# [SOURCE RECORDS]
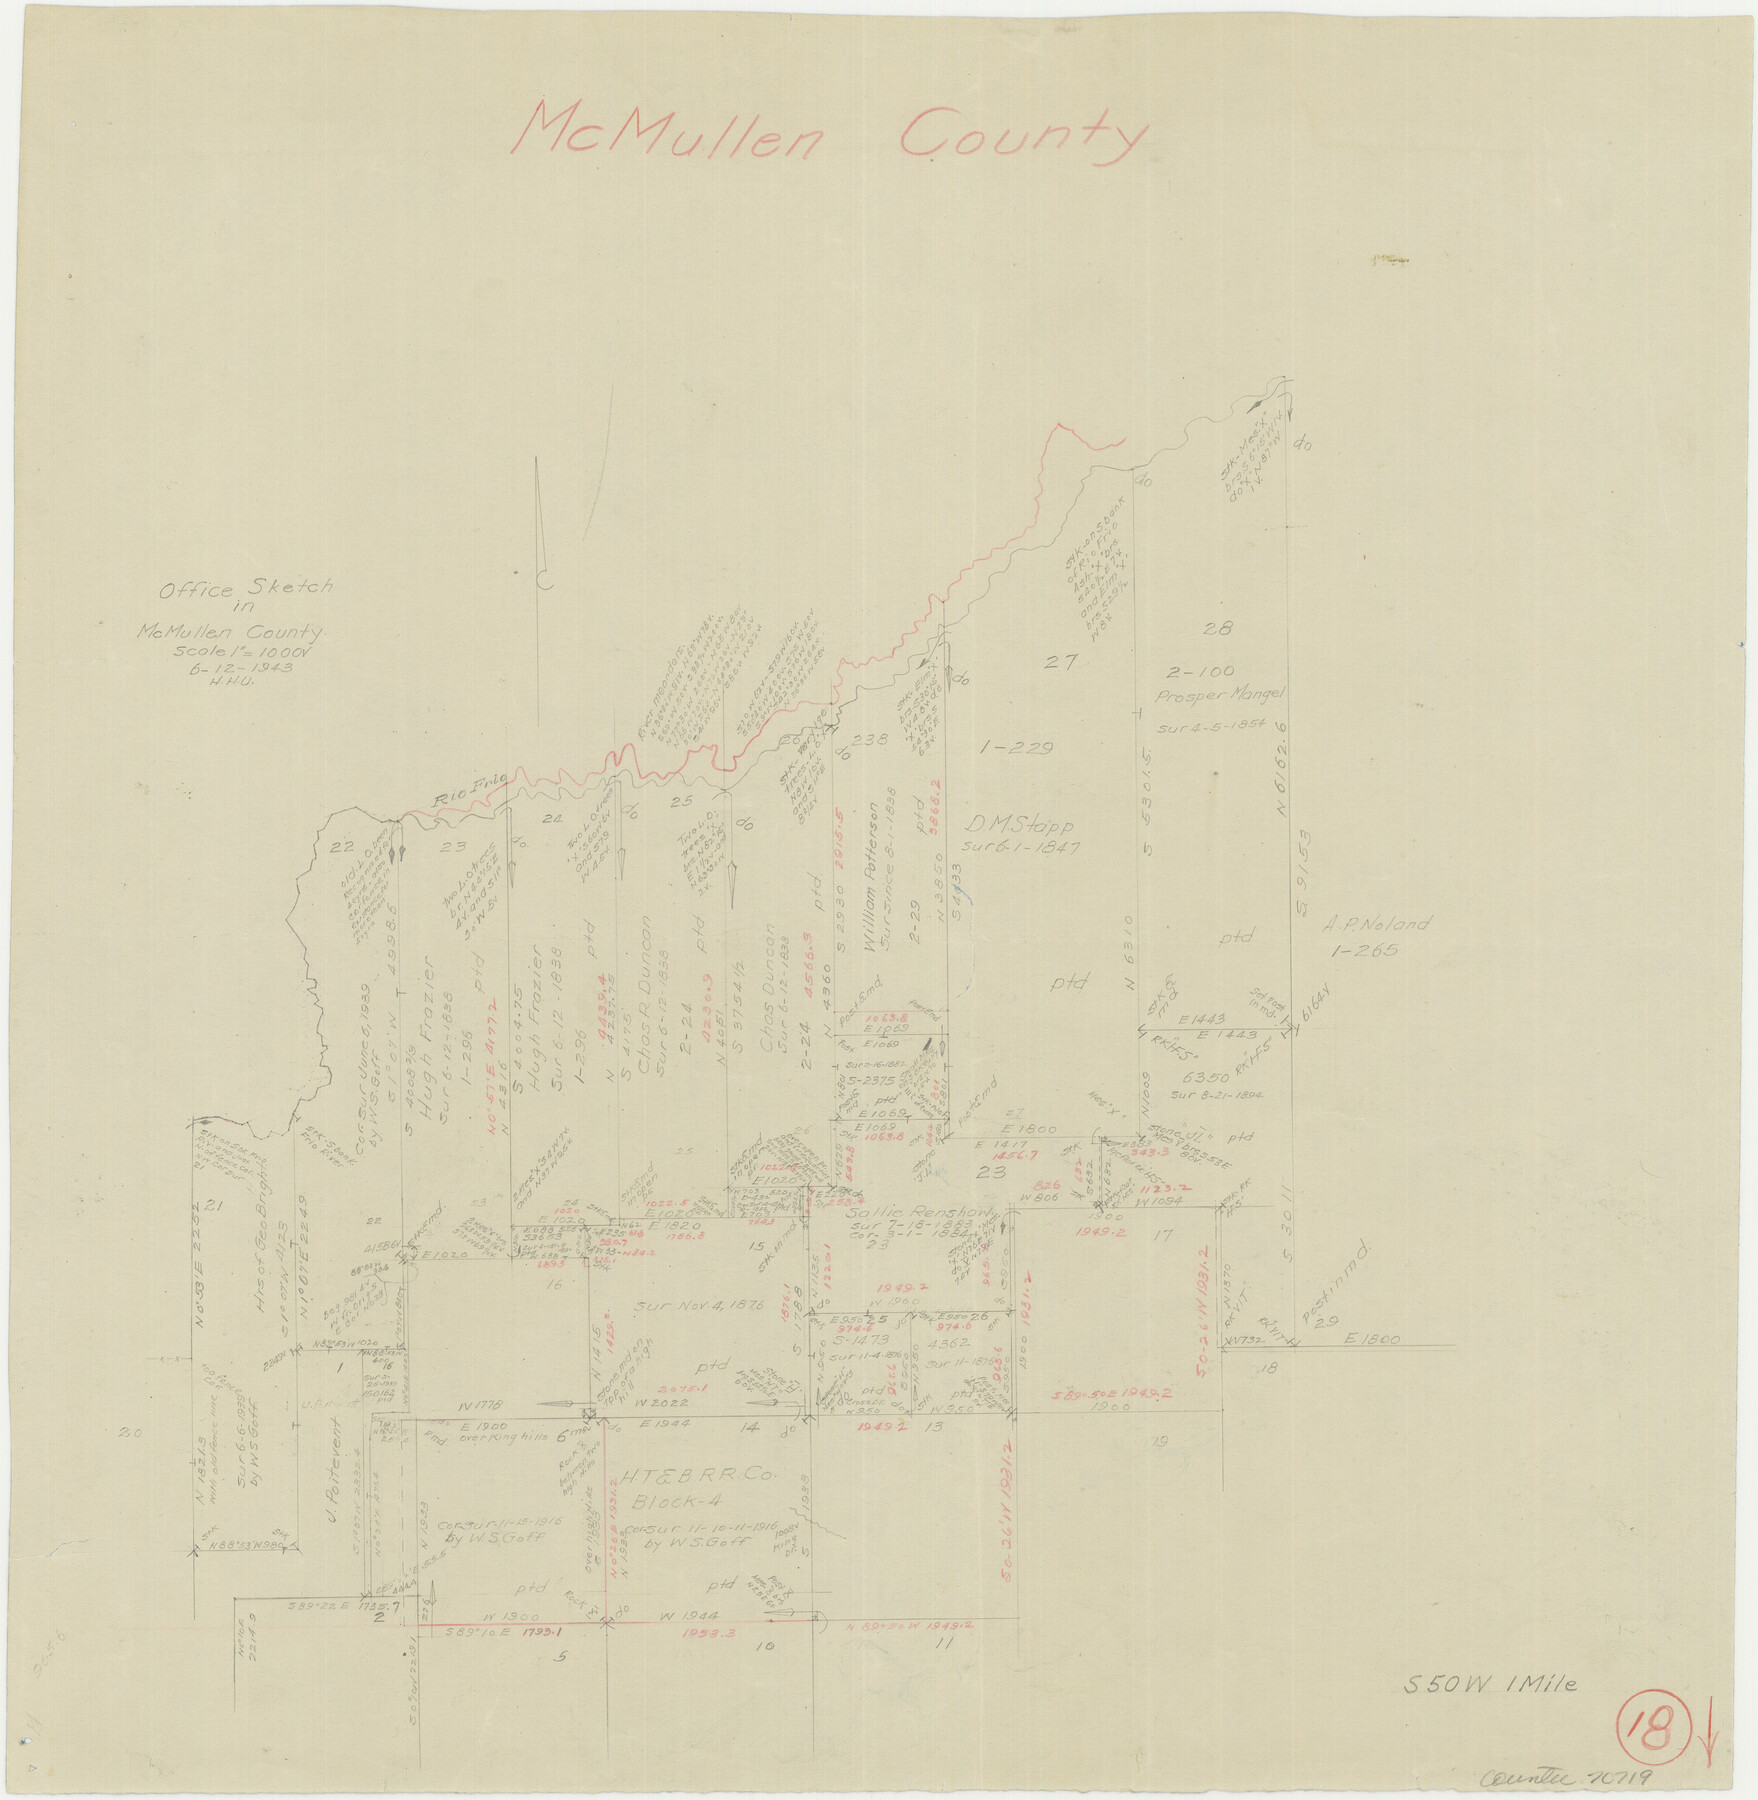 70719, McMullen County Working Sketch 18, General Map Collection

* * *

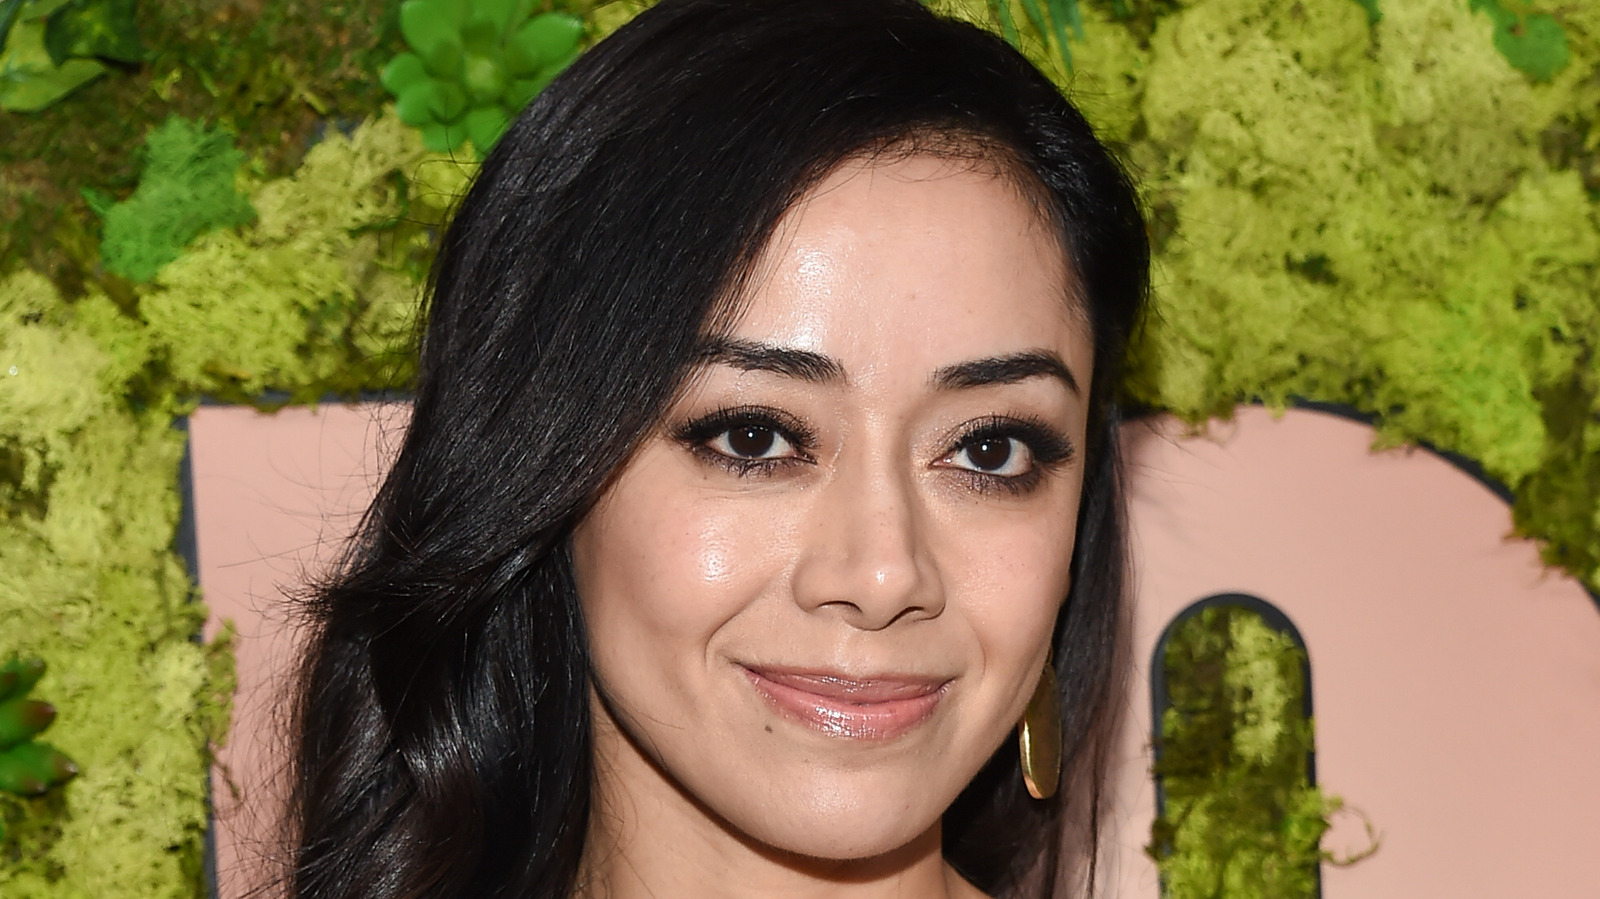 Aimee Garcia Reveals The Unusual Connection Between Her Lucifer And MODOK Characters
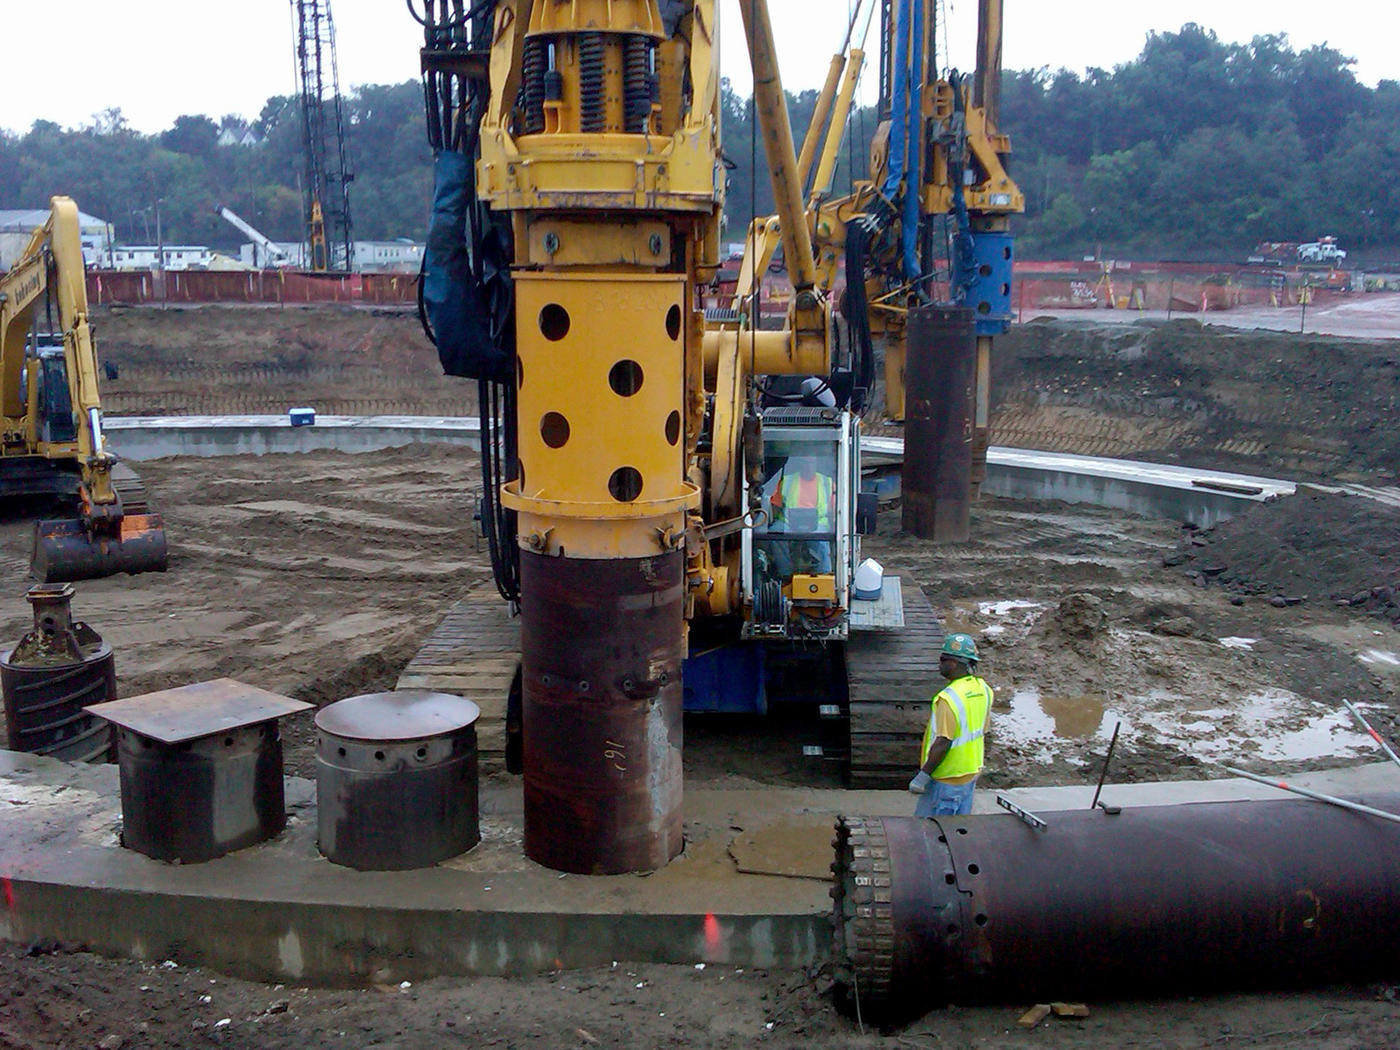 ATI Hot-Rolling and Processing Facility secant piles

* * *

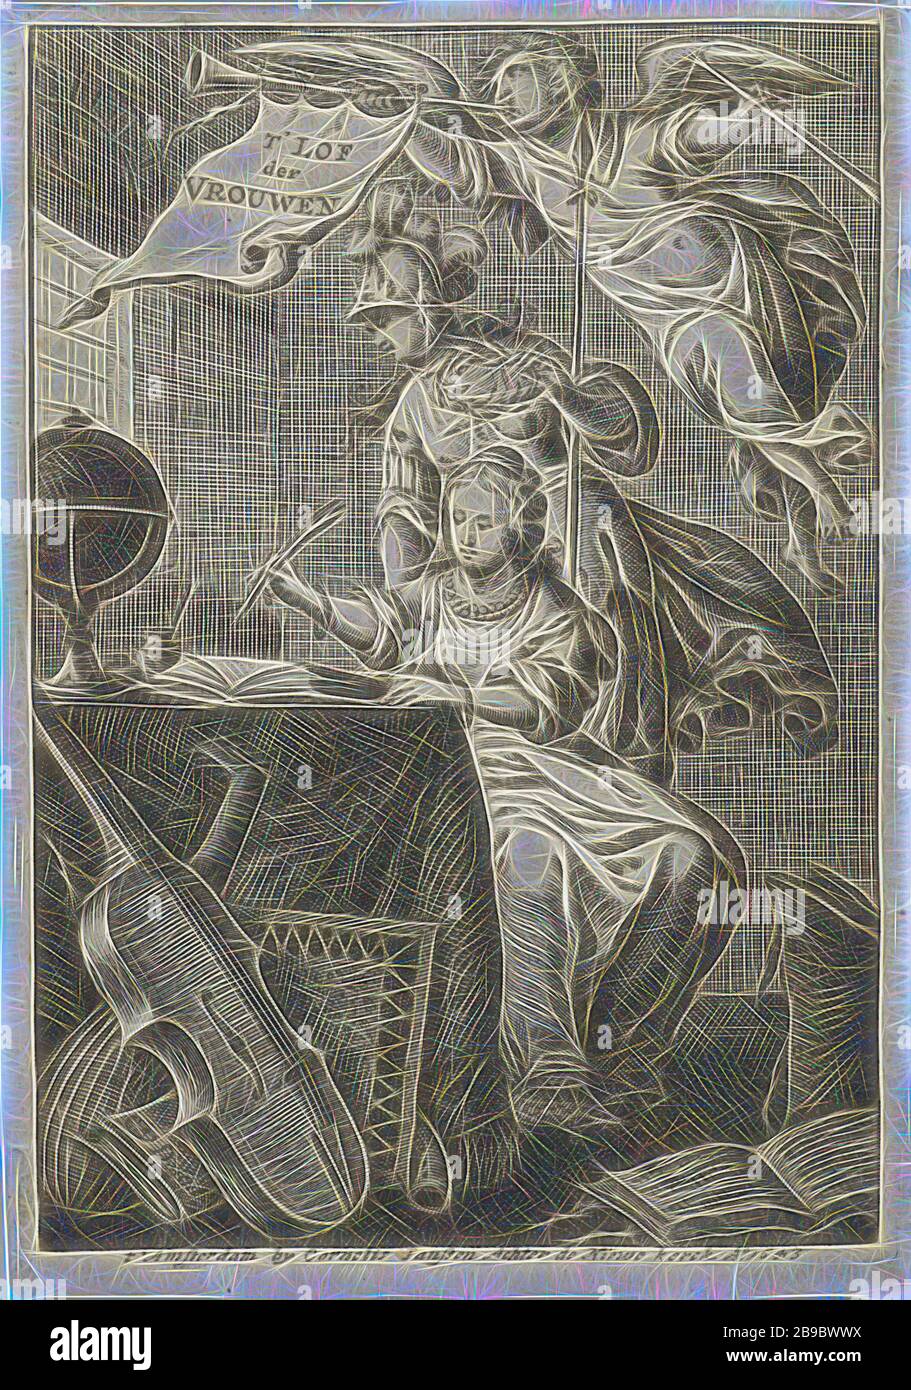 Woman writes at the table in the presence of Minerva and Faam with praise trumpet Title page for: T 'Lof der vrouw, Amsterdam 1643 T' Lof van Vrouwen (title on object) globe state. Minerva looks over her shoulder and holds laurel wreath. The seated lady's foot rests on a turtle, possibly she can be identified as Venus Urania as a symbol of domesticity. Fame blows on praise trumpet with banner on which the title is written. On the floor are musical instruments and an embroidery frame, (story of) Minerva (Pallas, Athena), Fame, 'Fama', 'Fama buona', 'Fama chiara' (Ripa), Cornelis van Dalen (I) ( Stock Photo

# [TASK TO CARRY OUT]
Look above for the line with "Aimee Garcia Reveals" and the line with "ATI Hot-Rolling and". Output those two and everything between them exactly, pictures excluded.

# [ANSWER TO THIS TASK]
 Aimee Garcia Reveals The Unusual Connection Between Her Lucifer And MODOK Characters
 ATI Hot-Rolling and Processing Facility secant piles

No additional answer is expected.